Exercise: Without any of its pictures, the listing below should be output exactly.

Recorded information:
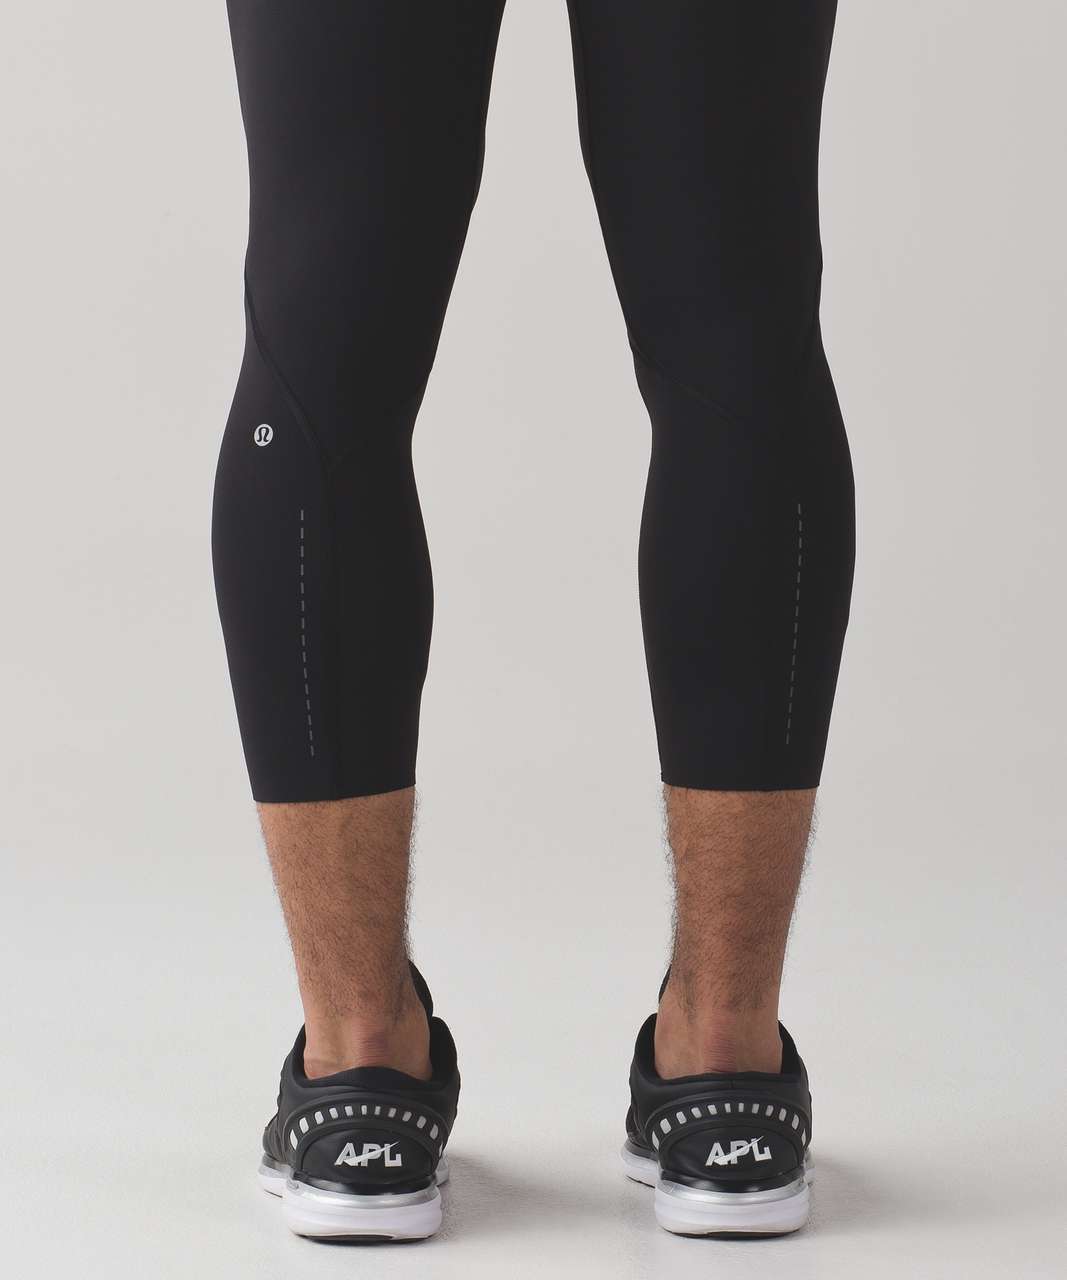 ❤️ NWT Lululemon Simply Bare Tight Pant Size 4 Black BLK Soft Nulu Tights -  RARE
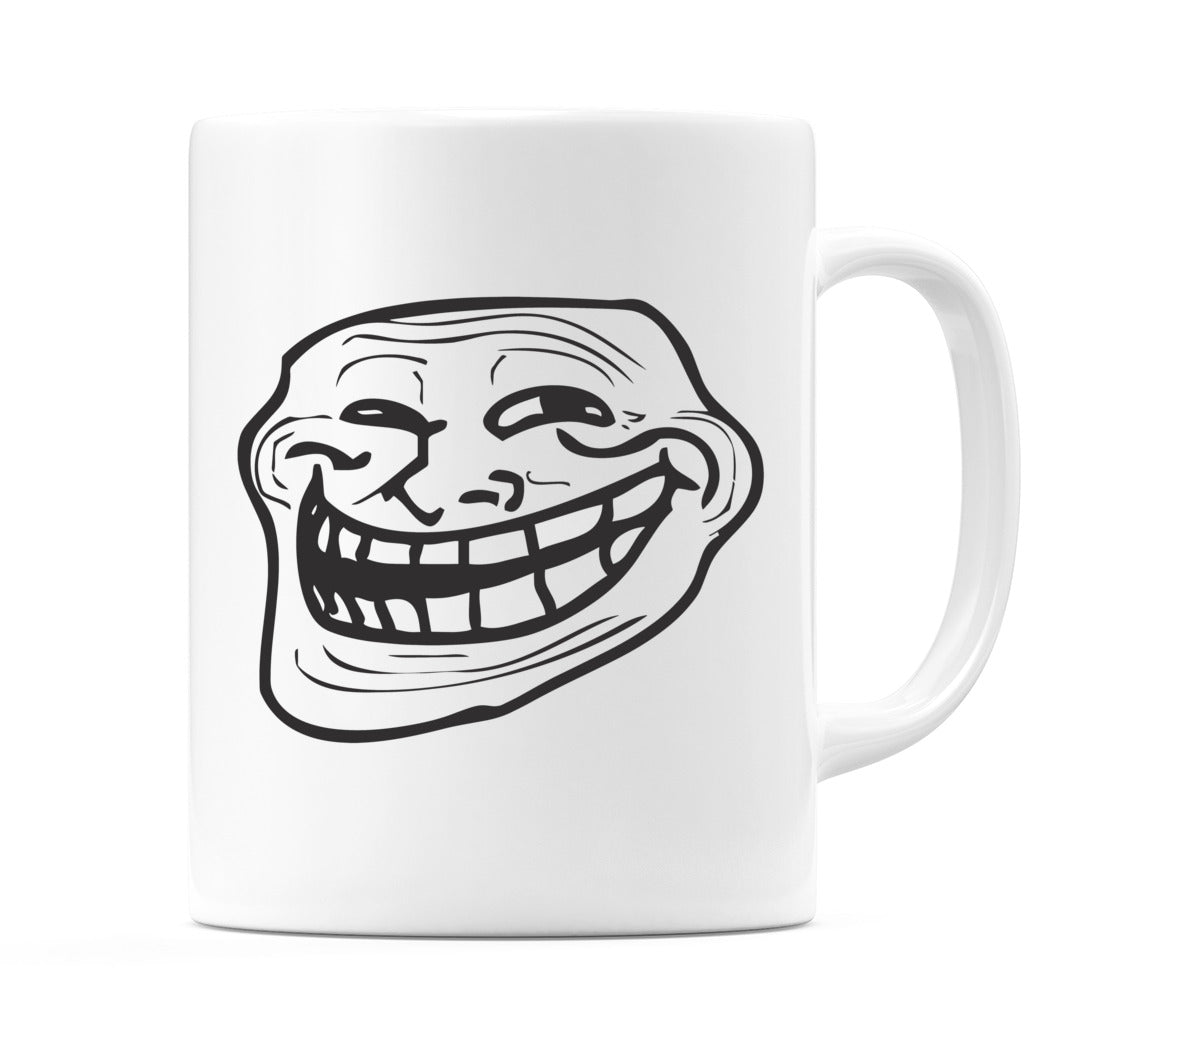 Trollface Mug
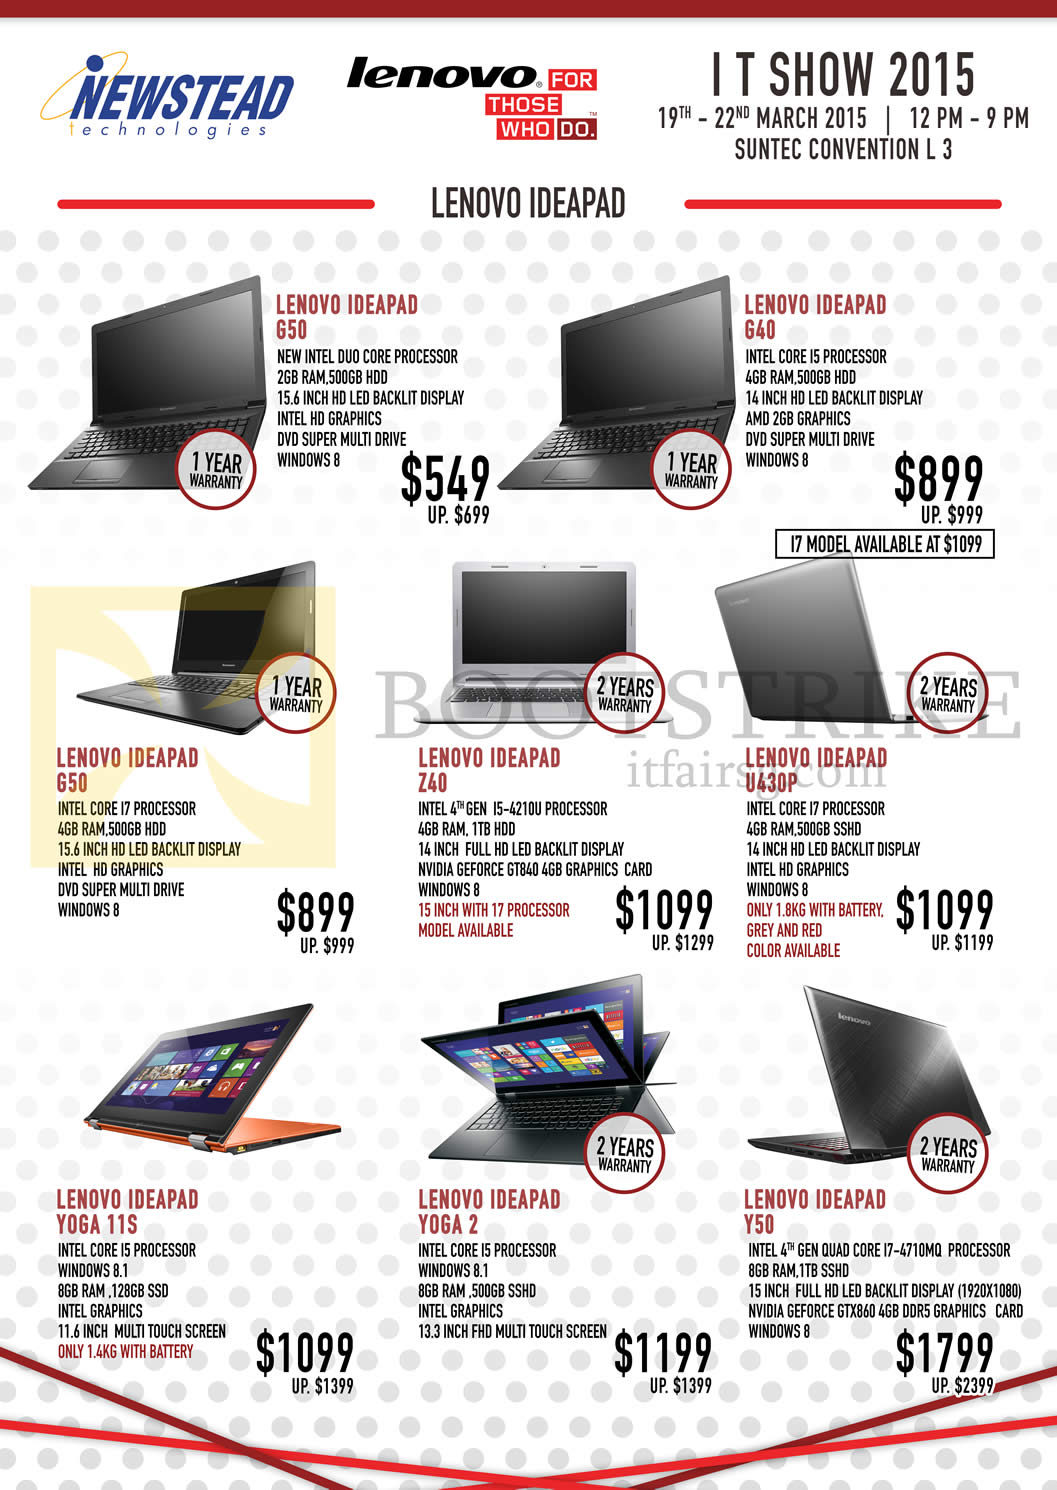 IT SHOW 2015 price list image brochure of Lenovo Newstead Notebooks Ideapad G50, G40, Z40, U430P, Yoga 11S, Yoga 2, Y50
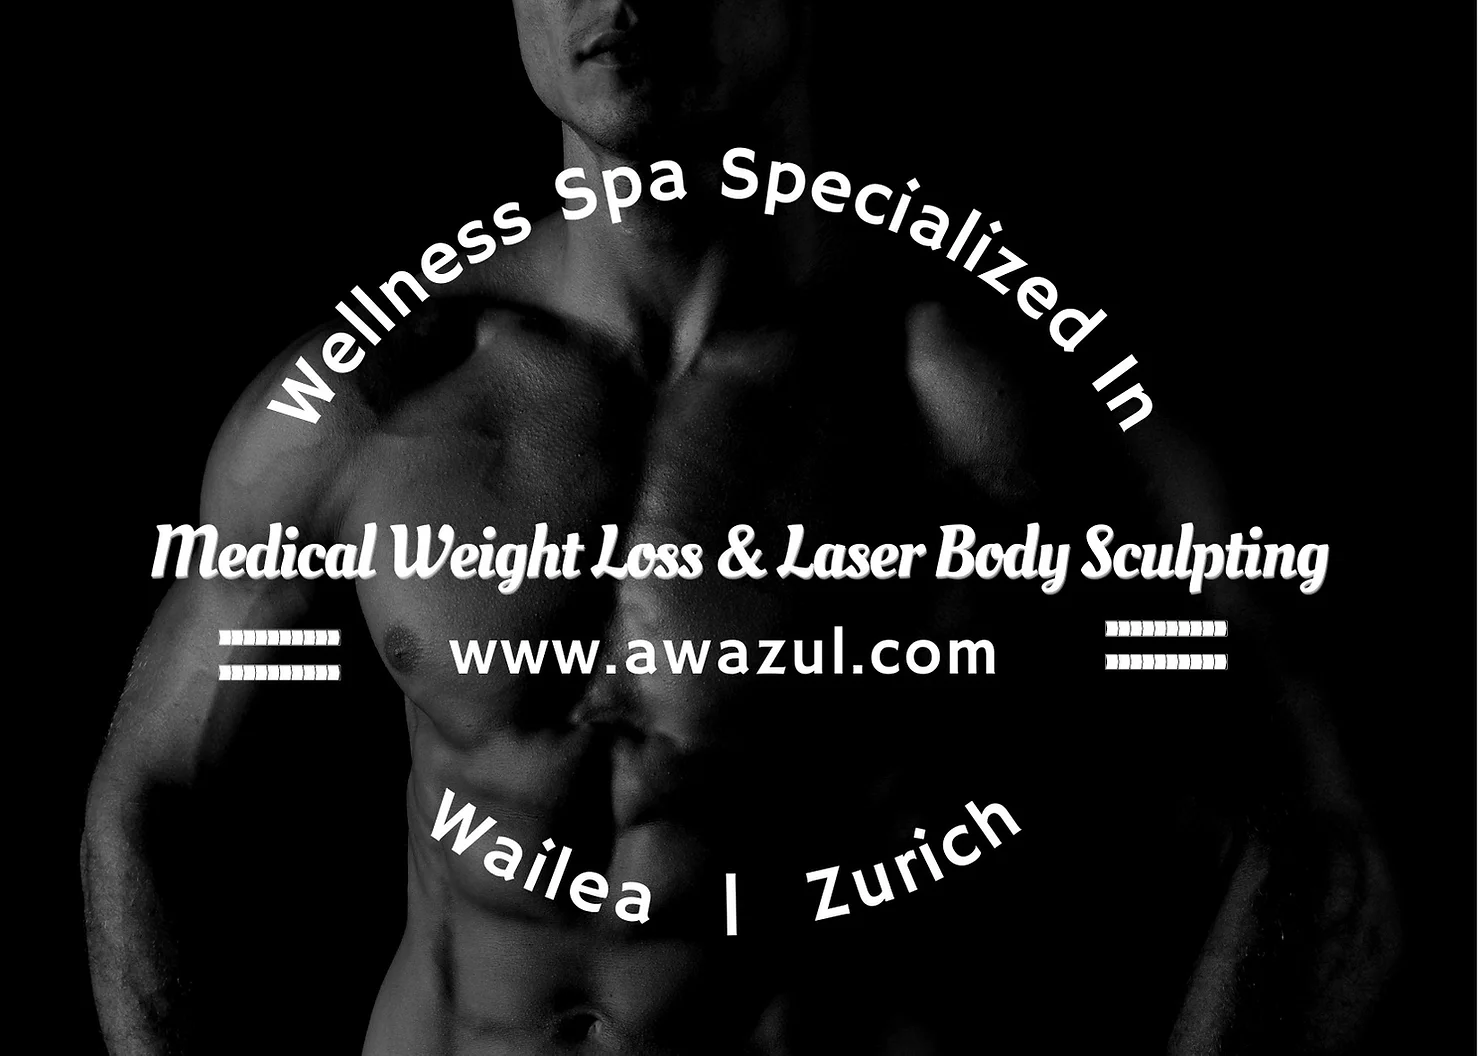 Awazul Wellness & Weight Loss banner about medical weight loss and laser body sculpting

Solved exercise:
 ❤️ NWT Lululemon Simply Bare Tight Pant Size 4 Black BLK Soft Nulu Tights -  RARE
 Trollface Mug
 IT SHOW 2015 price list image brochure of Lenovo Newstead Notebooks Ideapad G50, G40, Z40, U430P, Yoga 11S, Yoga 2, Y50
 Awazul Wellness & Weight Loss banner about medical weight loss and laser body sculpting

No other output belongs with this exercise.